Страница 7 из 16
Пламя факела остановилось и начало гореть наоборот, словно бы высасывая ставший злым и холодным свет из окружающего воздуха. Тени, носящиеся мимо боярина, толкали его, царапали, рвали его одежду. Тьма клубилась вокруг него бешено кипящим варевом и завывала в его сознании мириадами обезумевших от ярости голосов:
«Замолчи! Замолчи! Замолчи!!!»
Казалось, этому безумству клокочущей тьмы не будет конца, но вдруг Фёдор почувствовал, как что-то явило свою холодную, великую и чёрную волю, и тот час же тьма успокоилась и стала кружить вокруг него медленным стонущим водоворотом.

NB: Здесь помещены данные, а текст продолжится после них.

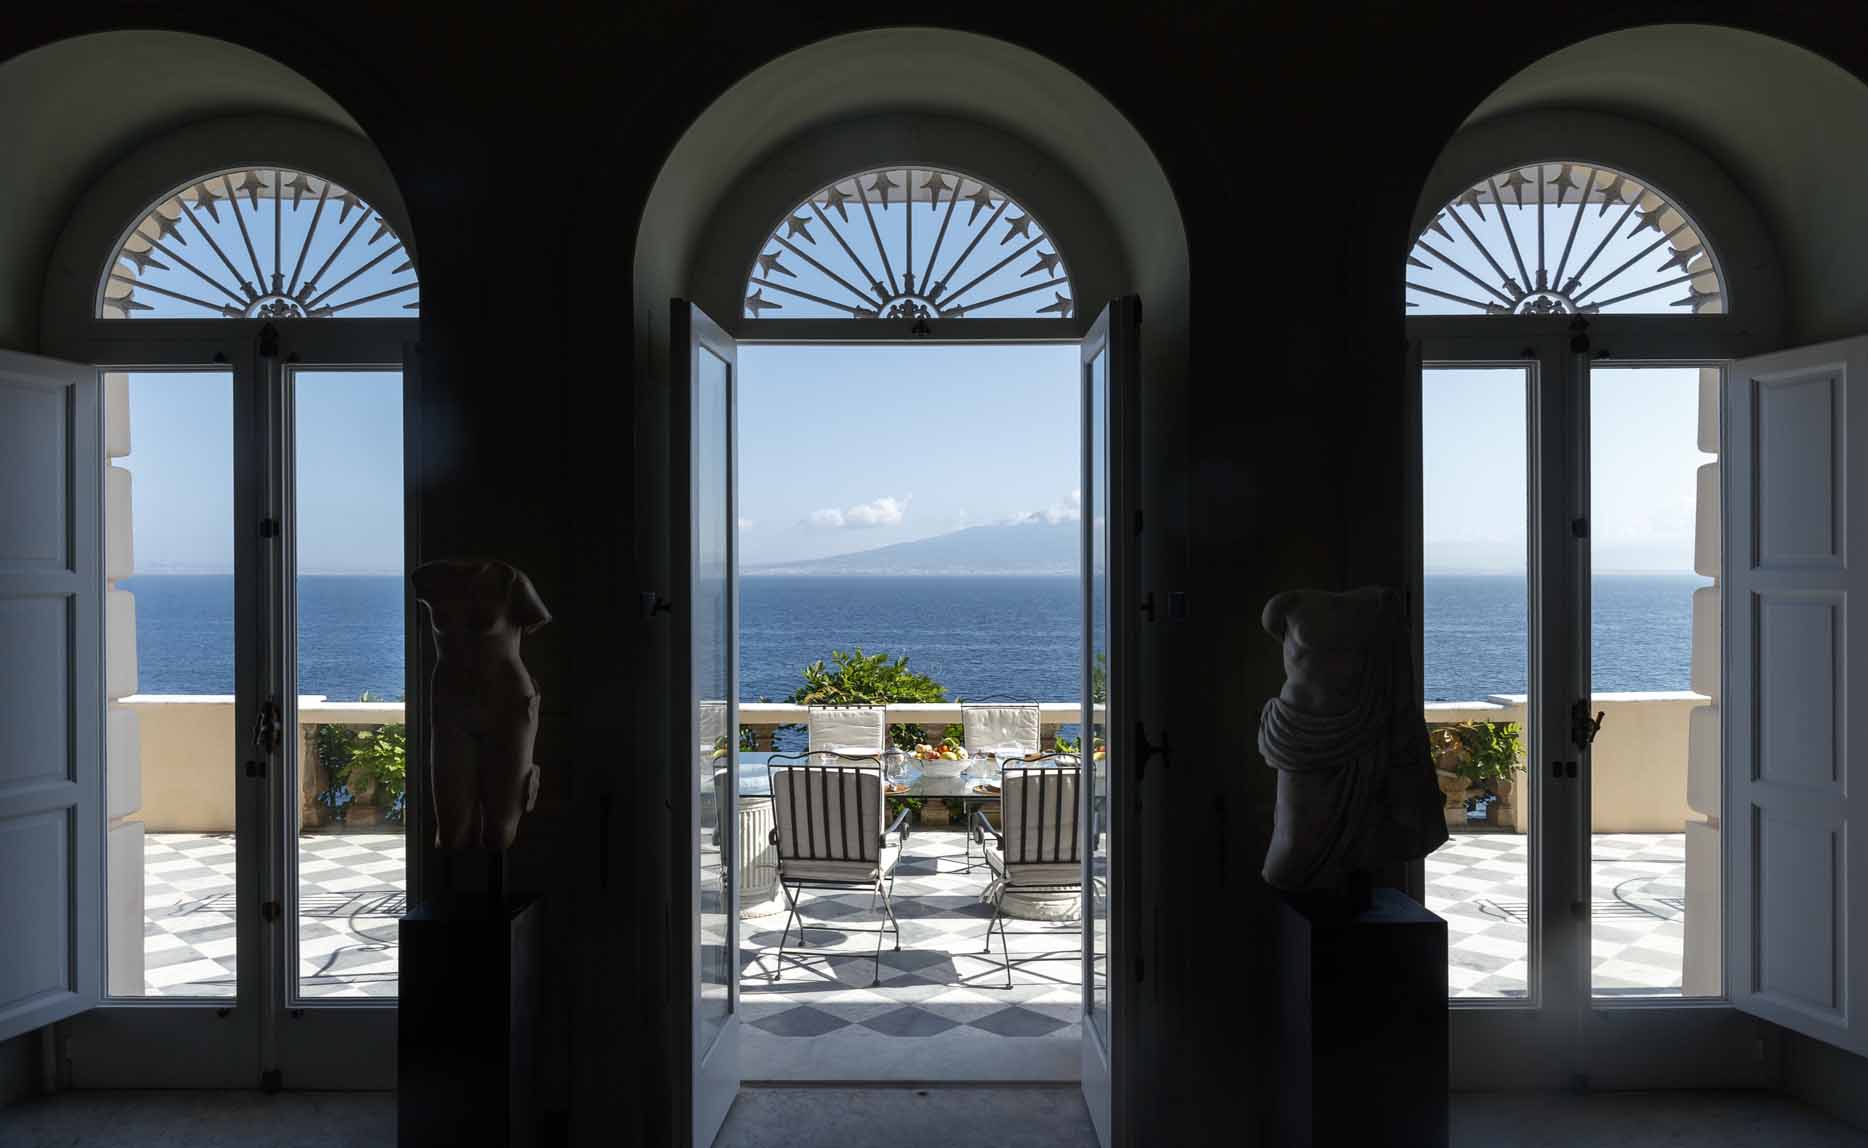 Paradise restored on the Amalfi Coast
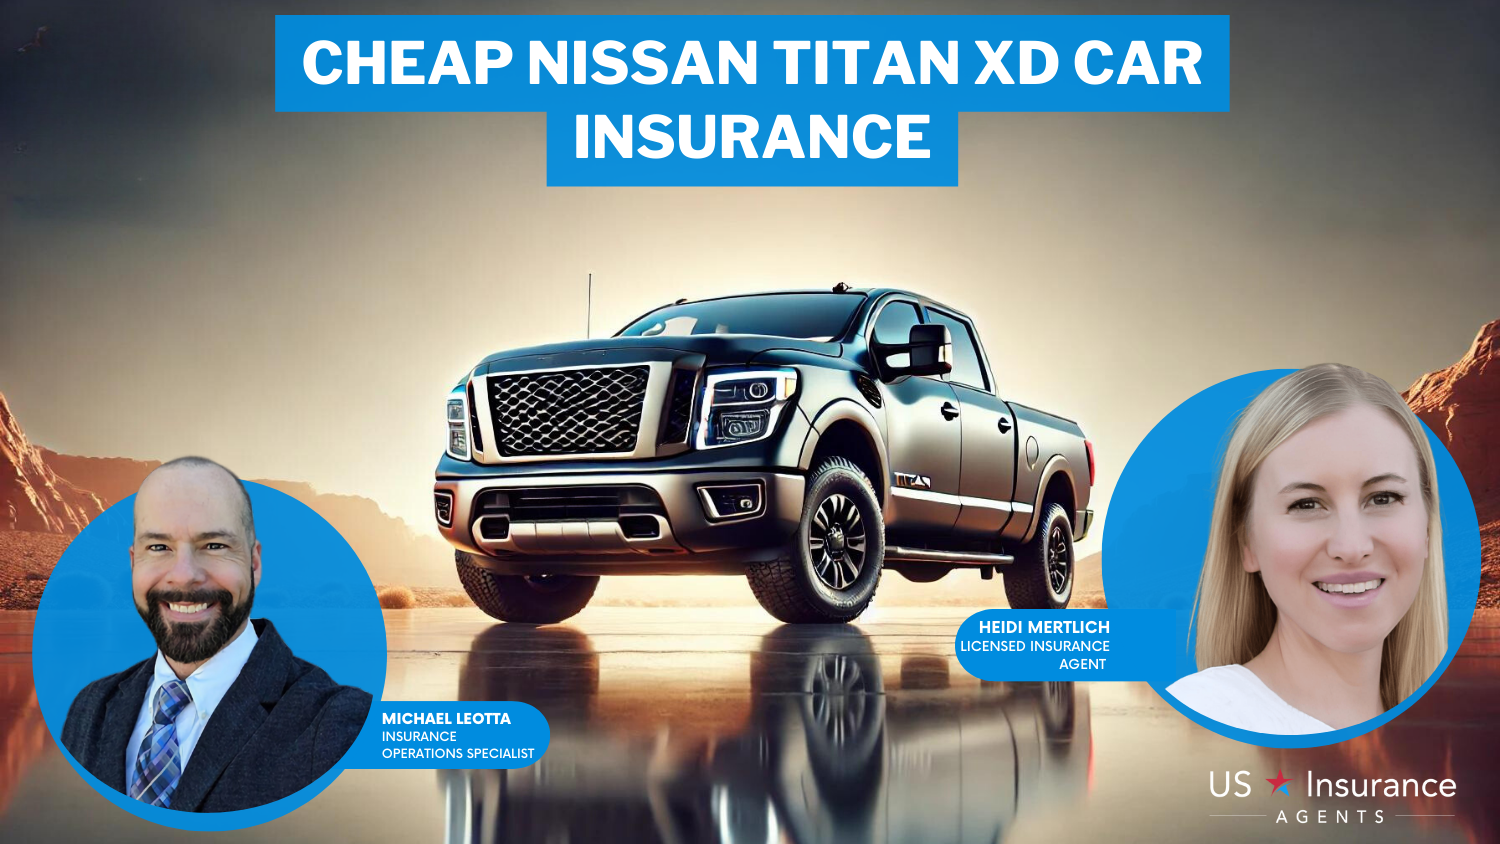 Cheap Nissan TITAN XD Car Insurance: The General, Progressive, and Mercury

Факел снова загорелся, но едва давал свет.
Время тянулось так медленно, что Фёдору казалось, будто это будет длиться вечно.
Наконец великая чёрная воля явила:
«Ты умрёшь!»
И наступила полная, звенящая тишина. Такая тишина, что боярин не слышал своего дыхания и не чувствовал даже стука собственного сердца.
Он ждал.
Беззвучные вдохи мерили уходящие мгновения.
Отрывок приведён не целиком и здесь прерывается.